Any post-Islamic scenarios for an African Romance probably would involve pretty heavy influence from other Romance languages. The conlang author suggested Sardinian would be Tunisian's closest peer, but Romanian and the Eastern Romance languages might provide another analogy.
 
"Tunisian" strikes me as imaginable as a name if we are going to assume that the polity on the northeasternmost corner of the Maghreb is going to be dominated by the city of Tunis. Algeria is known after Algiers, at least.

Any post-Islamic scenarios for an African Romance probably would involve pretty heavy influence from other Romance languages. The conlang author suggested Sardinian would be Tunisian's closest peer, but Romanian and the Eastern Romance languages might provide another analogy.

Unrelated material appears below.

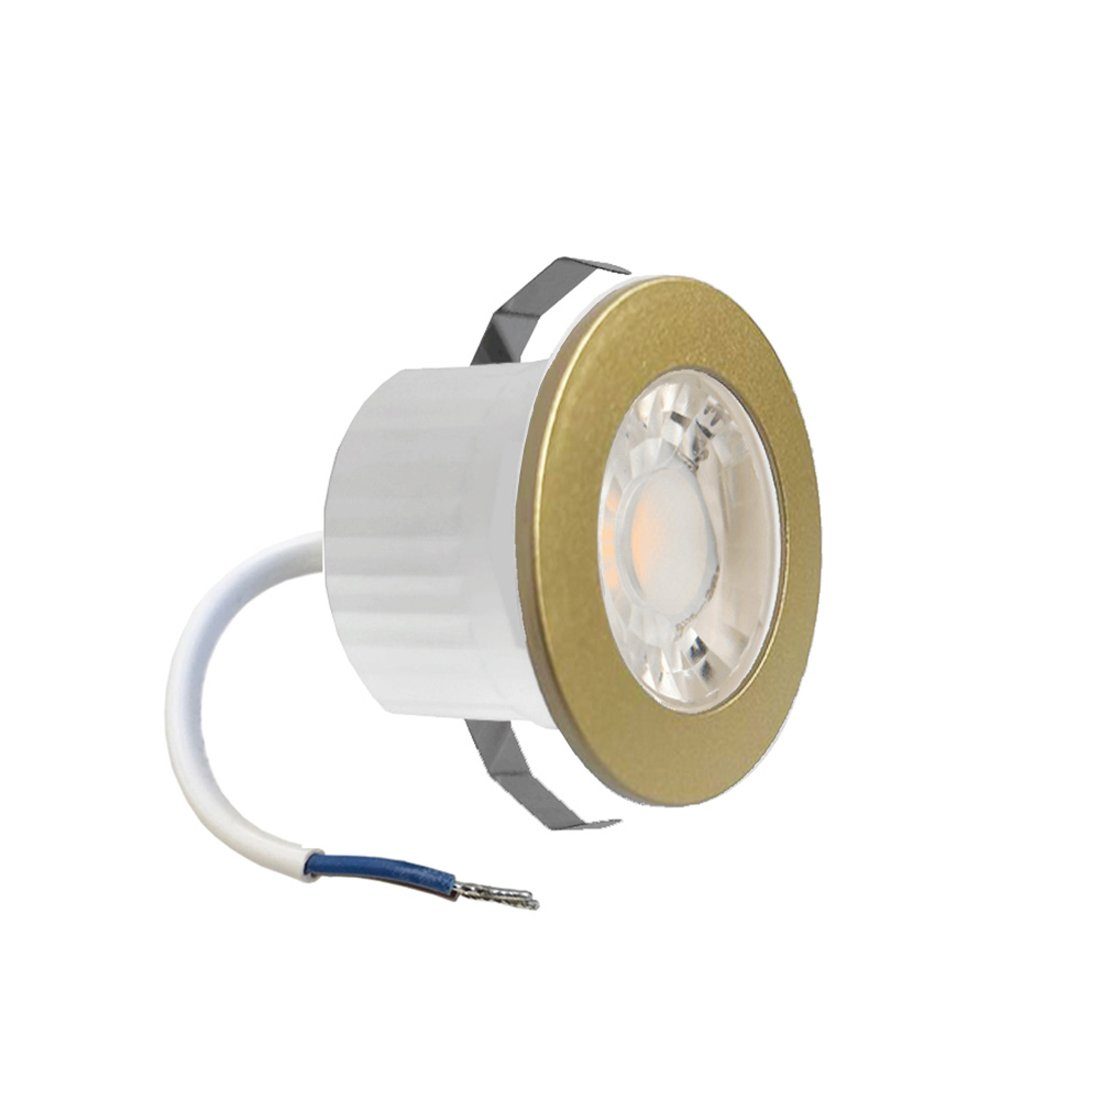 Braytron LED Einbaustrahler 3w Mini LED Einbauleuchte Einbaustrahler Einbauspot Spot Gold 240, mini einbauspot Rahmenfarbe Gold IP54 Wasserdicht 4000K neutralweiß | Strahler

Sardinian, like African Romance as noted by Saint Augustine, has five vowels. I believe Late Punic had a similar vowel system, and Berber languages have even simpler systems. So the best guess is for an African Romance language to evolve similarly along these lines. And as Romanian is heavily influenced by Slavic languages, all African Romance languages (a continuum from Tripolitania to Mauretania) will be heavily influenced by Punic and Berber languages. The center of African Romance will be Carthage, but I believe Mauretania will easily evolve into a center of African Romance. The Carthaginian African Romance will be more Punic, the Mauretanian more Berber.

But if we go by that conlang, than I believe it's accurate. It would be more Sardinian than anything. The best example is the Venetian language and its spread in Dalmatian-speaking zones along the Adriatic coast.

Tunis should ideally be a mere suburb of the grand city of Carthage, the greatest rival of Rome.